Significant attention has been paid, both on blogs (shockingly) and in more traditional media, to the interaction between these law blogs and “scholarship,” including an April symposium hosted by Harvard Law School’s Berkman Center for Internet and Society, How Blogs Are Transforming Legal Scholarship. Much of the debate focuses on whether and to what extent such blogging is scholarship and, to a lesser degree, whether those who so blog are undermining their professional resumé, particularly in the case of junior faculty bloggers. The Berkman Center symposium, however, is emblematic of the larger myopia that pervades this scholarship on blogging quascholarship: the unsurprising propensity to focus solely on the relationship between blogging and individual research, and not on the global impact of what Larry Solum has called “the disintermediation of legal scholarship.”

As a result, we have, to date, paid particularly little attention to the impact of legal blogging on the one genre of scholarship most traditionally conducive to recent developments—the student note. Nor, for at least two reasons, is an empirical study of the effect of blogs on student writing easily conceived or undertaken. First, there is the simple yet oft-overlooked fact that most student writing is not published. Second, even when student writing makes it into print, pieces centrally concerning recent developments constitute no more than a sizeable minority of published student scholarship, especially in the “top” (or at least most visible) journals.

The absence of empirical evidence notwithstanding, blogging will have (and has had) a significant impact on student scholarship. As just one example of many, consider a Recent Case note in the June 2006 issue of the Harvard Law Review on the pattern of error in immigration cases, focusing on especially vitriolic decisions of the Third and Seventh Circuits from late 2005. The extensive blog coverage of the same problem (including posts on PrawfsBlawg and The Volokh Conspiracy), followed closely on the heels of the filing of the Seventh Circuit’s opinion in late November 2005, over sixmonths before the note was published. Thus, a perfectly well-conceived and thought-provoking student piece was, arguably, preempted long before it was in print.

Moreover, although my own blogging hardly qualifies, such contemporaneous current events coverage is often undertaken by the leading experts in the field. Nowhere is this perhaps more pronounced than in the field of federal sentencing law, where, in the aftermath of Blakely v. Washington and United States v. Booker, Doug Berman’s Sentencing Law and Policy blog has become the leading reference for courts and commentators alike. As noted by the 3L Epiphany blog, Berman’s blog has been cited at least twenty-four times in nineteen different federal court decisions, including by the U.S. Supreme Court, the en banc Second Circuit, and the Tenth Circuit, just to name a few. As of August 16, 2006, the blog has also been cited in at least seventy-eight law review articles.

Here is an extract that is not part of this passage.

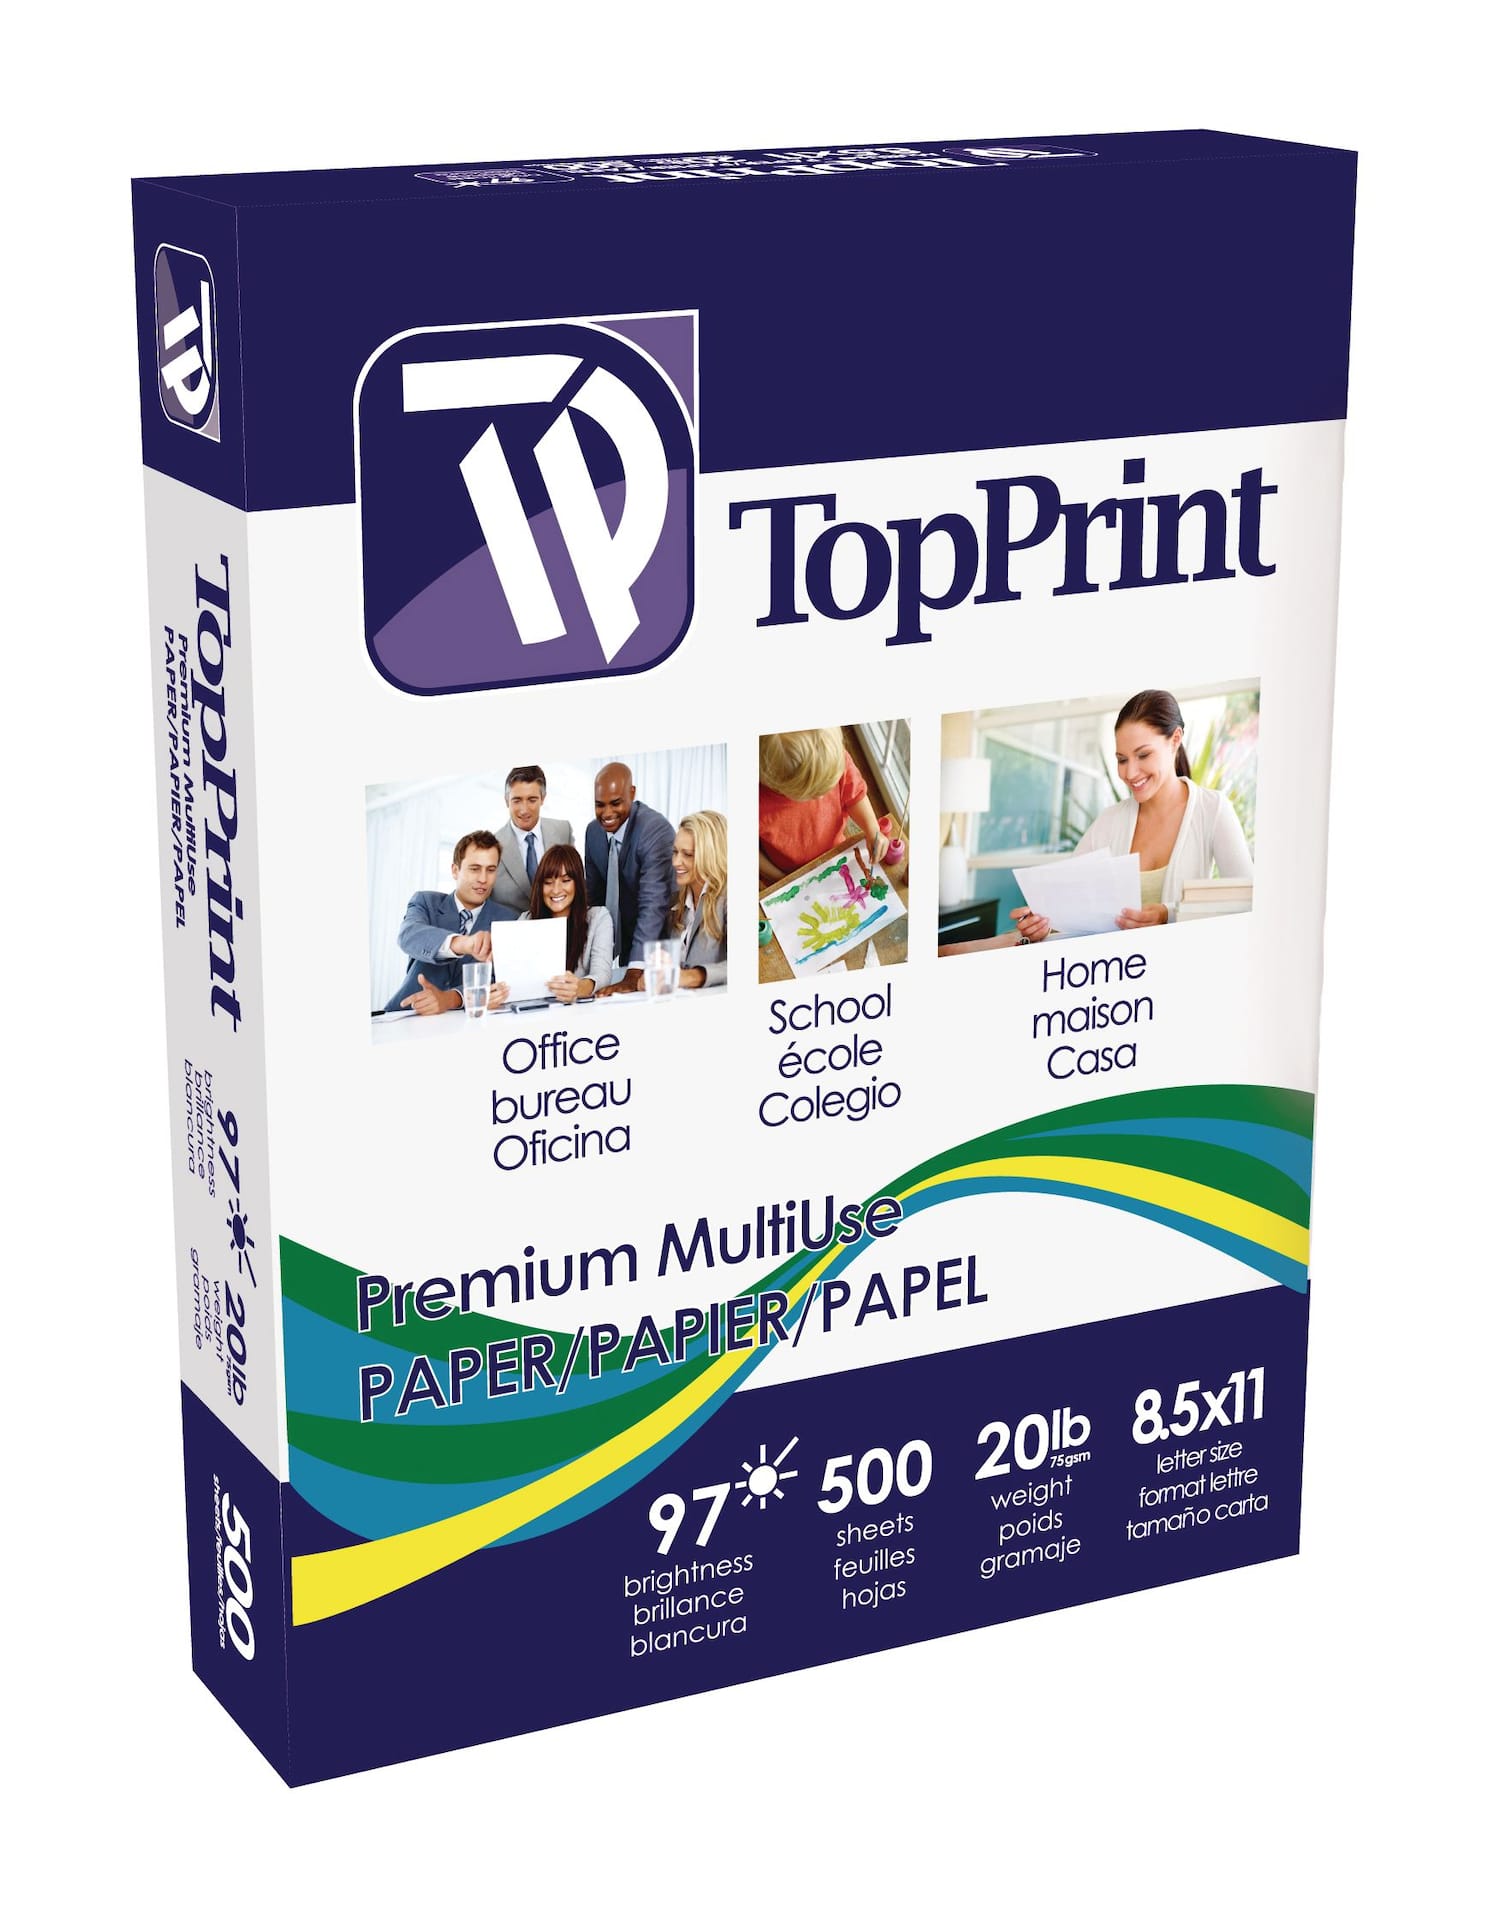 Hammermill Multi-Purpose Outlet Copy Paper, 8 1/2'' x 11'', 92

And the experts are writing blog posts qua case notes, too. As an archetypal example, consider Marty Lederman’s post on Balkinization thoroughly (and immediately) deconstructing the D.C. Circuit’s recent decision invalidating a provision of the Tax Code on Sixteenth Amendment grounds. Given similar efforts by literally dozens of law professors on the TaxProf Blog and elsewhere, it is hard to fathom how a student case note analyzing the decision would not be both preempted and, perhaps worse, untimely.

With instant coverage of current developments from the leading professional commentators, what is left, after blogging, for aspiring student authors? As I suggest in this short Essay, quite a lot, I think. But the impact of blogging on student scholarship will require law schools generally (and those who supervise student scholarship specifically) to rethink some long-held beliefs about the virtues, vices, goals, and purposes of student writing.

II. Student Scholarship in the Age of Blogging

Student scholarship’s traditional propensity to focus on current developments is easily explained both substantively and procedurally. Students have long been better situated to respond to immediate developments in the field, largely because they are not professional academics (not yet, anyway), and therefore tend not to have a research agenda already established, a backlog of papers that they are waiting to write, or an in-progress project preventing them from shifting gears midstream. Students are also, in many ways, better generalists. Because of their constant exposure to different fields in the classroom (and during the summers in the workplace), it is entirely possible that students are better positioned to more quickly identify developing cross-currents in specific fields than their faculty advisors.

And yet, perhaps the most important aspect of students’ historical comparative advantage is best summed up in one inescapable truism: the turn-around time for student-written scholarship has typically been dramatically shorter. One example from personal experience helps to prove the point: As a first-semester 2L, I wrote a comment for this Journal on 18 U.S.C. § 4001(a) and its implications in the Hamdi v. Rumsfeld and Rumsfeld v. Padilla cases that made it from submission to print in just over three months, and that was the first academic piece to discuss the provision, save for a footnote in a (you guessed it) student-written Developments piece in the early 1970s. It wasn’t that I was the only person looking closely at § 4001(a); it’s that I was in the best position to do so quickly, having written several memos about the same issues while working as an intern the previous summer at the Lawyers’ Committee for Human Rights.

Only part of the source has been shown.